Task to carry out: The answer must consist of every line in the data that contains "Page".

Dataset items:
··········
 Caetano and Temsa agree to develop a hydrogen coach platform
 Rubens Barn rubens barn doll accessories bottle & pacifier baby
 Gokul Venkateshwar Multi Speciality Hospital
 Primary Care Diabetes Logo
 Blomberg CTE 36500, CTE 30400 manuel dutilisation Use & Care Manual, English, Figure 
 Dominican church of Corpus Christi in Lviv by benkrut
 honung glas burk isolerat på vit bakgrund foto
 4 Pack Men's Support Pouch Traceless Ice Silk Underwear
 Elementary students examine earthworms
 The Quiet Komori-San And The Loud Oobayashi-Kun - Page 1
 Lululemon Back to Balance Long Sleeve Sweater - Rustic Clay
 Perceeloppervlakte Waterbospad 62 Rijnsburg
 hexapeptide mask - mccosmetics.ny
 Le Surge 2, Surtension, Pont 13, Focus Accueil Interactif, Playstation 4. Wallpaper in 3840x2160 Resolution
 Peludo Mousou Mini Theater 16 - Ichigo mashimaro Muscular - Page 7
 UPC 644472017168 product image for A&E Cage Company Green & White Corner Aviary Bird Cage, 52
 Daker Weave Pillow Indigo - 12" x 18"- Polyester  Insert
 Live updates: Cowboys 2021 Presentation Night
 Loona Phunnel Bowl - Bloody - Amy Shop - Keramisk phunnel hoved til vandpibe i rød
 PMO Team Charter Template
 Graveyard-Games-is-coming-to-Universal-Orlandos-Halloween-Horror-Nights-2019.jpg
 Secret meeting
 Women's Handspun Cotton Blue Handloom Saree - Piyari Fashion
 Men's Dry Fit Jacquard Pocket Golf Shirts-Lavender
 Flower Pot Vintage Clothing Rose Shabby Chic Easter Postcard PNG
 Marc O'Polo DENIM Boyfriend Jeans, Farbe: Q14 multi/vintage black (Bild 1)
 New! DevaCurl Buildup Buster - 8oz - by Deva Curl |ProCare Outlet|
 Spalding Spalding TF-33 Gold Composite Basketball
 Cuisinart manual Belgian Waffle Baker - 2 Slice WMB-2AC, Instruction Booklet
··········
Answer to this problem:
 The Quiet Komori-San And The Loud Oobayashi-Kun - Page 1
 Peludo Mousou Mini Theater 16 - Ichigo mashimaro Muscular - Page 7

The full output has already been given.